The Senate Primary and Secondary Education Committee rolled out reforms to the school report card system Tuesday and reported out of committee on Wednesday. Sen. Andrew Brenner (R-Powell), chairman of the committee, said the changes included in a substitute bill for HB82 (Jones-Cross) represent a compromise between his SB145 and HB200 (Jones-Robinson), worked out with numerous organizations representing school management, teachers and business interests along with the Ohio Department of Education. Brenner said the bill uses the framework of a five-star rating system, including half-star increments, as proposed in SB145. Schools would receive an overall rating, although not until the 2022-2023 school year, as well as ratings on five components. A sixth component on career, college and military readiness would be reported but not graded for at least three years. The amended bill passed the full Senate later on Wednesday.

State law requiring basic peace officer training in order to be “armed while on duty” at schools applies to teachers and other non-security staff given authorization to carry concealed guns by local boards of education, the Ohio Supreme Court ruled Wednesday. The ruling arises from a lawsuit filed by several parents in Butler County’s Madison Local Schools, whose local board passed a resolution authorizing staff to go armed in the wake of a shooting at the junior-senior high school.

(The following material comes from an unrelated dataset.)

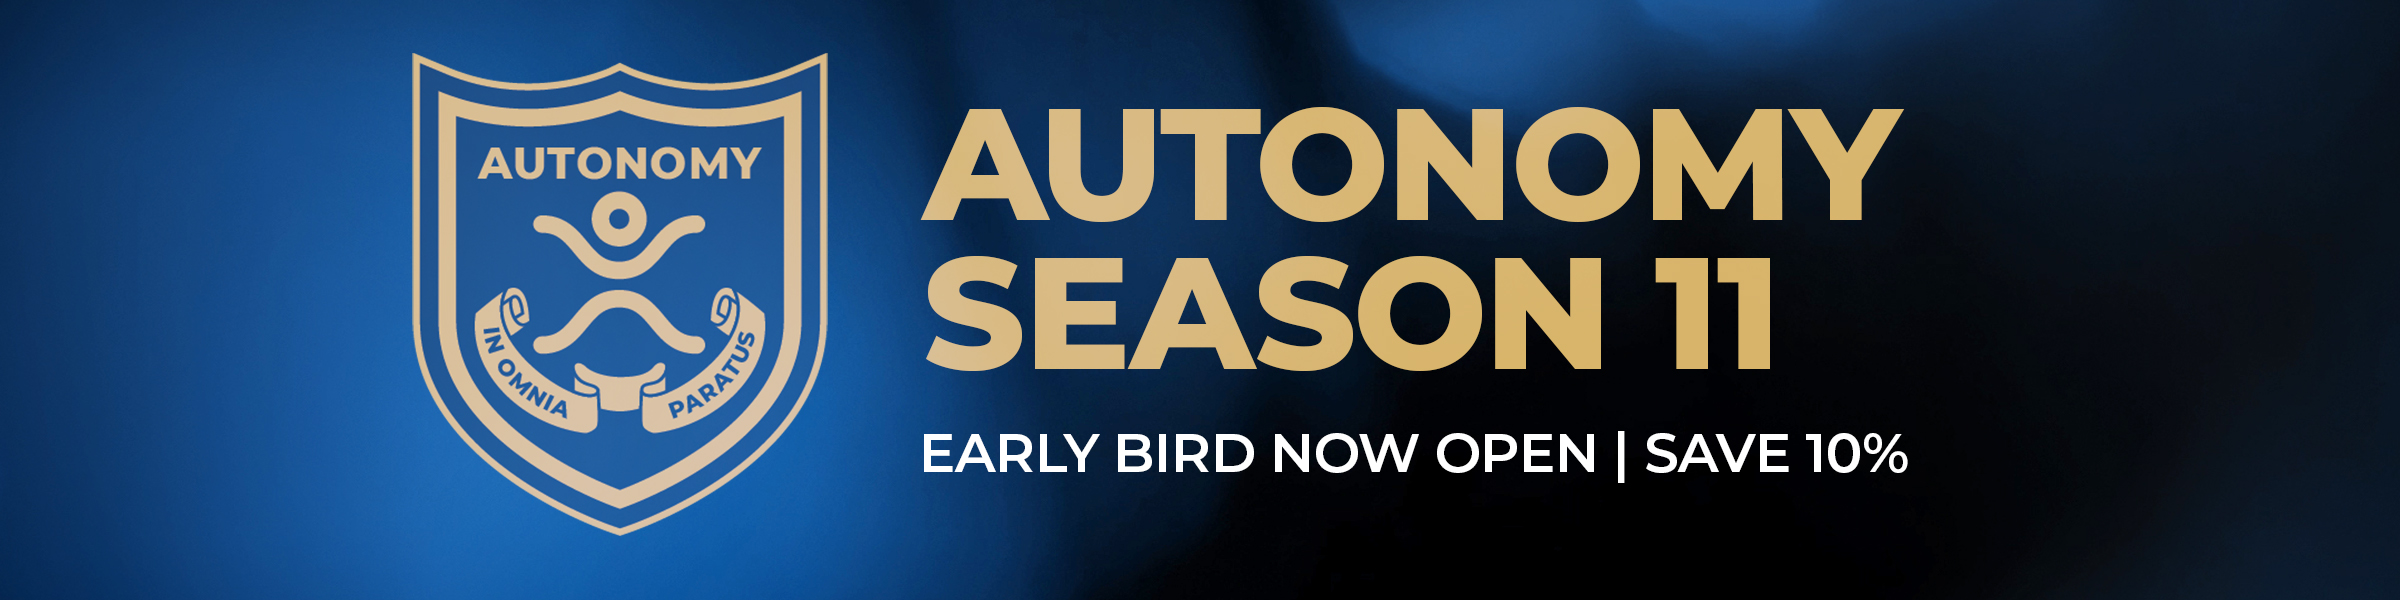 Autonomy | Season 11 Early Now Open! Save 10%

Proponents of HB61 (Powell-Stoltzfus), which would prohibit trans-women from competing in women’s sports, told the House Primary and Secondary Education Committee Thursday that there are biological differences between men and women that result in competitive advantages in sports for men, and those differences are not mitigated through hormone treatments. The issue was later amended into SB187 (Antani) on the House floor.

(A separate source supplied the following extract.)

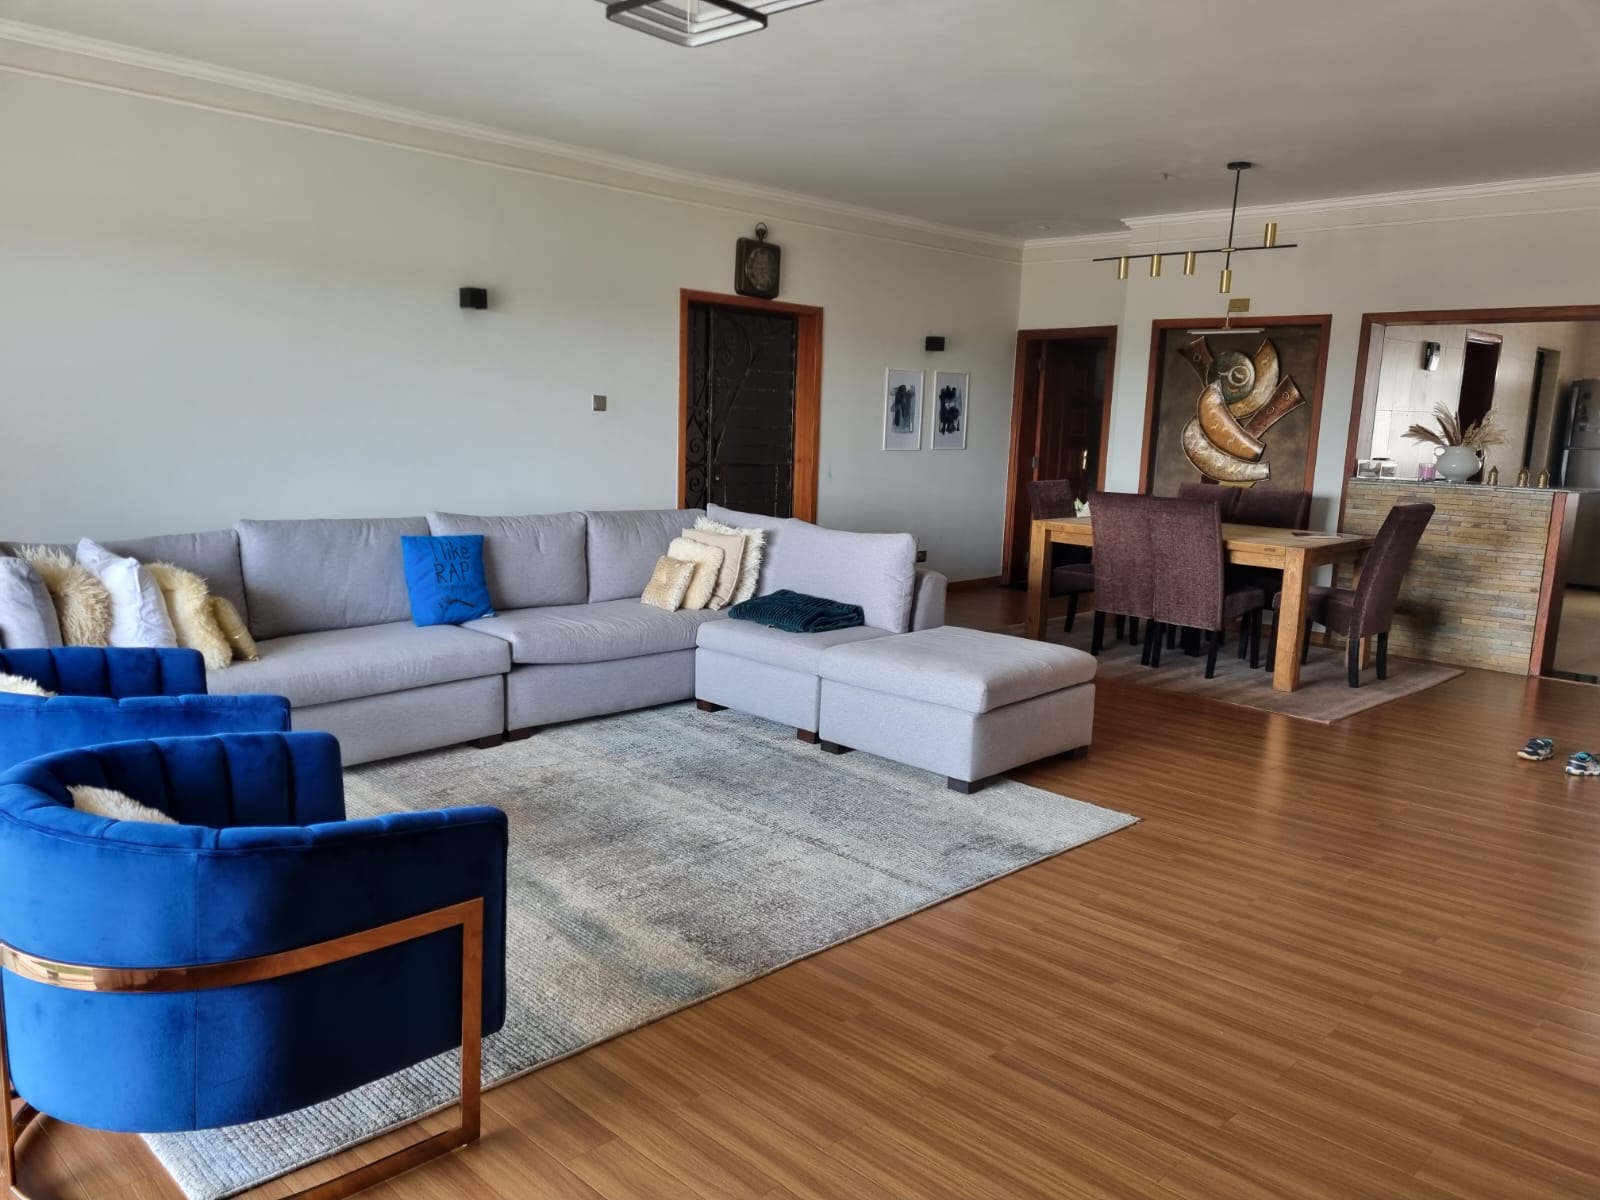 3 Bedroom All En-suite  Apartment in Kileleshwa

GENERAL ASSEMBLY/STATEHOUSE

A series of high-profile measures got intertwined and shifted among various bills this week as the House and Senate tried to secure key priorities and parry late-breaking amendments. Two federal COVID funding measures already enacted via their companion bills were converted wholesale to new purposes and passed out of the General Assembly’s finance committees Tuesday. The Senate Finance Committee passed legislation to use approximately $1.5 billion in federal American Rescue Plan (ARP) Act money to pay off Ohio’s unemployment compensation debt to the federal government. The committee amended HB168 (Fraizer-Loychik), originally a federal COVID relief measure for small businesses, fairs, child care providers and veterans homes, to strip its original language and insert the payoff plan. [That earlier language had been approved in HB168’s companion bill SB109 (Manning-Rulli).] The House Finance Committee followed suit, except that committee gutted SB111 (Blessing-Brenner), substituting the original funding for pandemic relief for schools with nearly $422 million in ARP funds for FY22 “for non-entitlement units of local governments” including “cities, villages and townships, on a population basis …” The original provisions of SB111 had already been passed in companion bill HB170 (Bird-Richardson) and signed into law by the governor. But on the House floor Thursday, Republicans amended SB111 to include a prohibition on employer mandates involving any vaccine not fully approved by the FDA. They also amended a Senate bill on college athletes’ name, image and likeness (NIL) rights, SB187 (Antani), to include a ban on transgender girls’ participation in girls’ sports. 

The Senate balked, putting the local government funding from SB111 into HB168, and amending HB29 (Wiggam), a veterans ID bill, to include the NIL legislation, as well as an attempted compromise on the Senate’s sports gambling bill, SB176 (Antani-Manning). House Speaker Bob Cupp (R-Lima) maintained Thursday the skepticism he expressed about a sports gambling deal earlier this week, calling it “an extremely high lift” and saying the House hasn’t yet had hearings on the measure. He said Reps. Bill Seitz (R-Cincinnati) and Jay Edwards (R-Nelsonville) monitored Senate action on the bill and said the House has heard from interested parties who have raised concerns.